Nick was born in Greece and raised in Toronto. He moved to Minnesota in 1993 before heading to Anthem in 2004, the same year he obtained his U.S. citizenship. Jim moved to the Valley seven years ago.
Nick resided in Los Angeles for a bit doing appraisals. He moved to Arizona when his company opened an office in Scottsdale.
“For the last three years, I was working out of Los Angeles,” he says. “I was missing my kids. I had gone through a divorce. In January 2012, I did not renew my contract in Los Angeles with Chase Bank, Wells Fargo and Bank of America. I decided to come up with this crazy idea.
“You know what? Anthem needed a good little breakfast and lunch spot. Needless to say, it was me who did it. I really felt this community, based on social media, people were clamoring for something of substance—not just another pizza joint or another fast-food place. I wanted to separate myself from that. I wanted it to be a different experience.”
Nick says the plan worked.
“We’ve been fortunate that right from the start, the community supported us,” says Nick, who’s considering opening a second restaurant. “It was basically up to us. If we screwed it up, then it was on us—not on the community not supporting us.”
Because of their lineage, Nick and Jim knew what to expect when it came to restaurants.
“We weren’t naïve,” Jim says. “It takes a lot of sweat equity. It takes a lot of hands-on work. I often remember my dad and uncles talking, when we were little kids, saying, ‘We’re only as good as our customers and our staff.’ It’s resonating some 40 to 50 years later.”
The menu is simple yet effective—with light items; pancakes and French toast; traditional breakfast; eggs Benedict; omelets; skillet dishes; lunch sandwiches; burgers; soups and salads. Nick calls his signature dishes “anything with chorizo” in it, including the huevos rancheros skillet ($13) and the South by Southwest omelet ($12.50).
The former Toronto residents also push their Canadian bacon side ($5.50) because it’s authentic.
“You can’t get it anywhere,” Nick says. “Even our chorizo we get, you can’t find that at too many other places around the Valley.
“Frankly, we’re fortunate that most of our dishes on the menu are sellers.”
The price point is reasonable at Two Brothers Kitchen. Salads like strawberry fields and Greek salads range from $11.25 to $13.75. Pancakes are available as single, double, triple and gluten-free for $5.75 to $11, along with traditional breakfasts for $8.50 to $12.25. Two Brothers Kitchen even offers a nod to the area with the Daisy Mountain Skillet ($12.50), topped with diced chicken, broccoli, onion, mushrooms and hollandaise sauce. Lunch sandwiches start at $8.75 for a grilled cheese and $11.50 for a cheeseburger.
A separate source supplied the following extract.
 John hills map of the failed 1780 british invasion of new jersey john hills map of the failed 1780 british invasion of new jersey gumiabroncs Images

Two Brothers Kitchen is practicing social distancing, seating guests at every other table. If there’s a wait, patrons are asked to wait outside or in their car until a spot opens. The staff is willing to take down cellphone numbers to call customers to come in.
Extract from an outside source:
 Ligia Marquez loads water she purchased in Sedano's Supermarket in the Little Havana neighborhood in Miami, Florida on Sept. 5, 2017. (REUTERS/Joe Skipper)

“People are really excited that we’re open, and they’re thankful we’re practicing social distancing,” Nick says. “They feel comfortable, which is good because we’ve had to regain the trust of the customer base, too.
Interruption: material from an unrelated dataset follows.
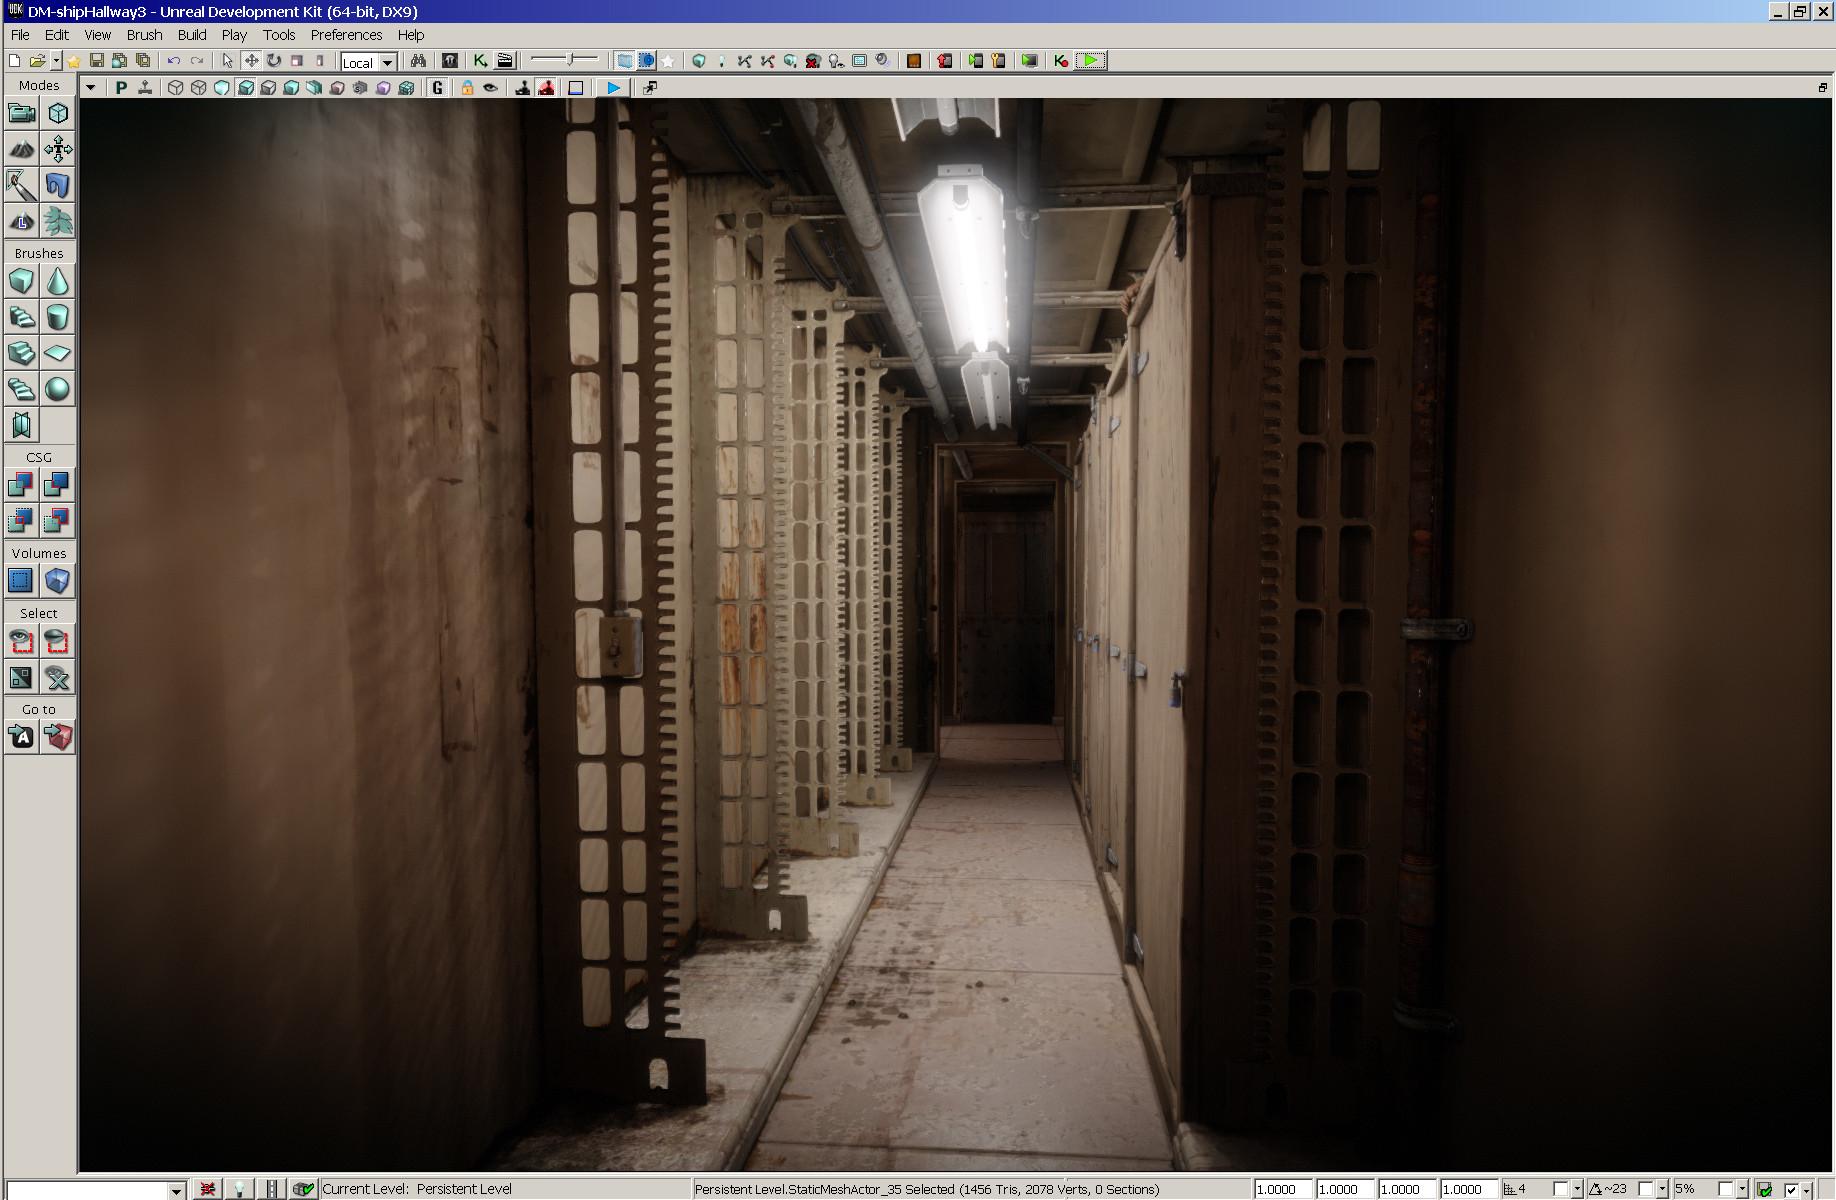 Francisco cruz hallway 13

“As far as the eating experience in there, we’re not even two weeks into this. We’re still have a lot of takeout orders, but we’re doing well.”
As far as other COVID-19 precautions, Two Brothers put plexiglass on the hostess stand and sanitizing is frequent.
“We’d rather err on the side of caution to show we’re putting the health and well-being of our customer base and employees first,” Nick says. “We’re doing regular cleanups. My hosts are constantly checking the bathrooms every hour on the hour and just maintaining sanitizing and cleaning the door handles.
“I want people to feel relaxed and comfortable here,” Nick says. “It should feel welcoming, and my staff should be that way, too. That’s the environment we set up from the get-go.”